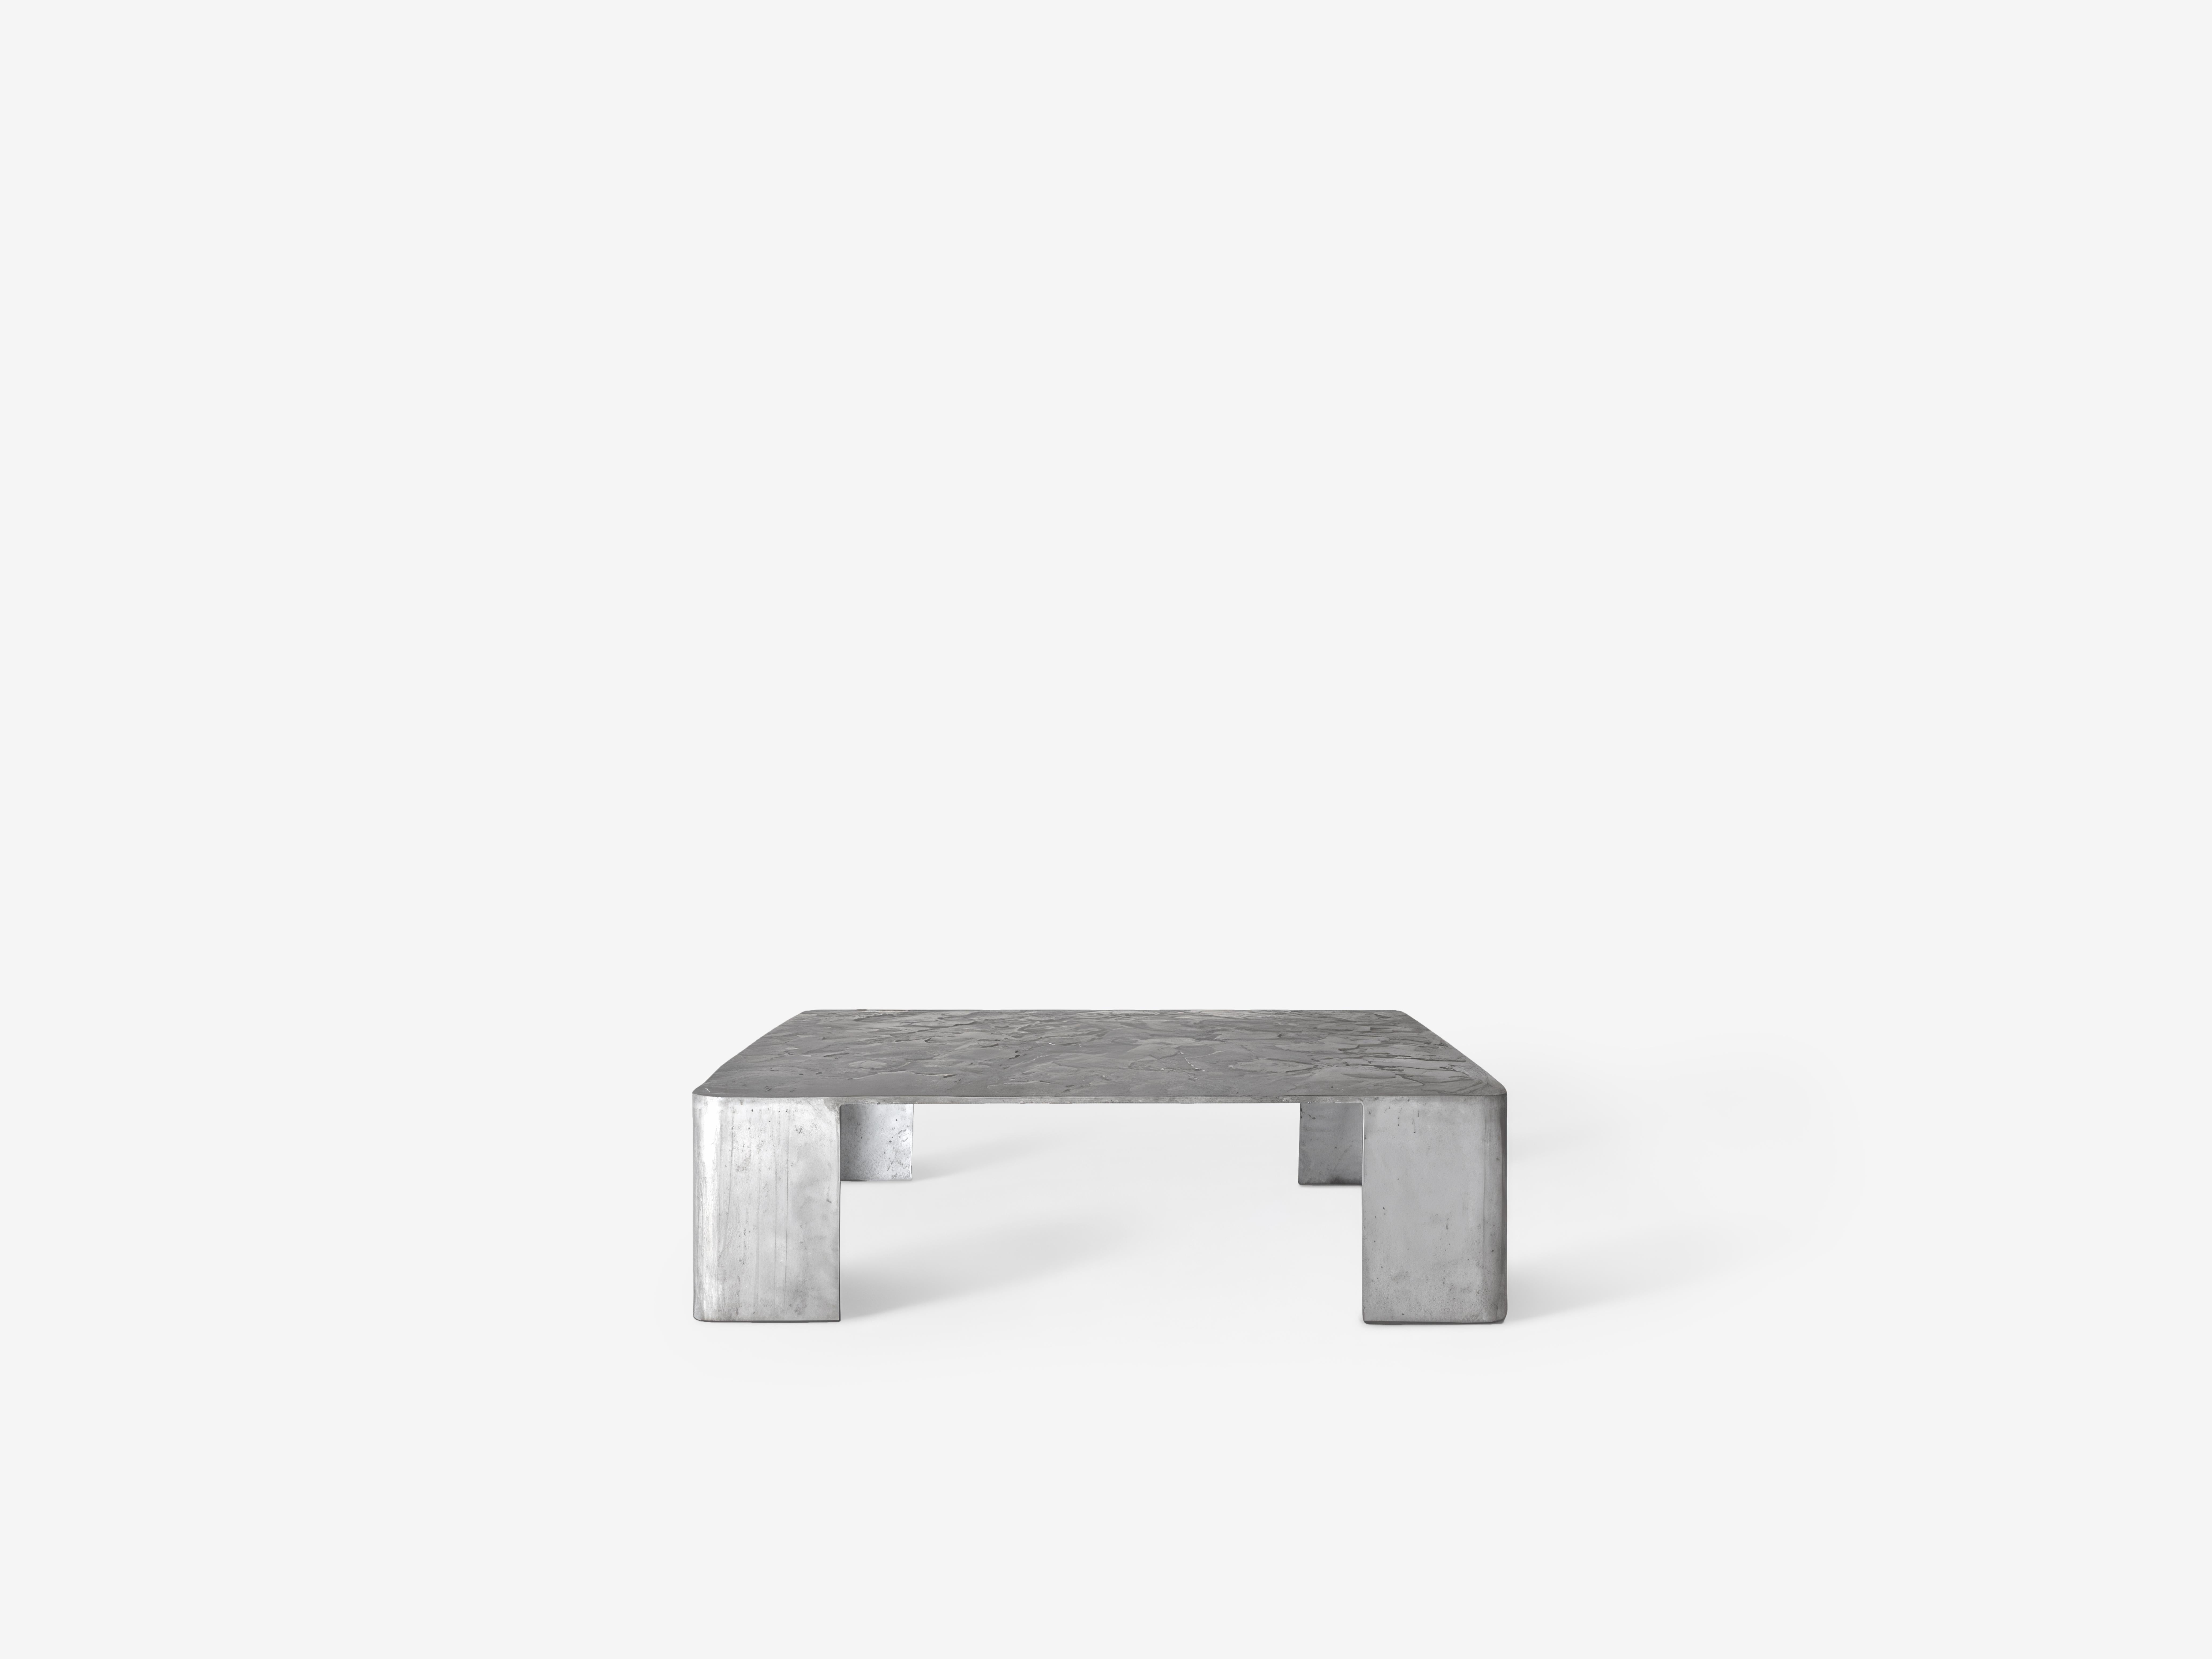 Paulín Coffee Table by OHLA STUDIO
Dimensions: D 110 x W 110 x H 30 cm 
Materials: Brushed Aluminum.
Weight: 48 kg

Is a series of late night conversations, dripping wax on the wood floor,
lighting up the casita on a warm summer night. A piano plays

--------------------------------------------------

◆ **Task instructions**: Although the records above contain pictures, only their text is to be repeated, exactly as given.

◆ **Answer to this problem**:
 Paulín Coffee Table by OHLA STUDIO
Dimensions: D 110 x W 110 x H 30 cm 
Materials: Brushed Aluminum.
Weight: 48 kg

Is a series of late night conversations, dripping wax on the wood floor,
lighting up the casita on a warm summer night. A piano plays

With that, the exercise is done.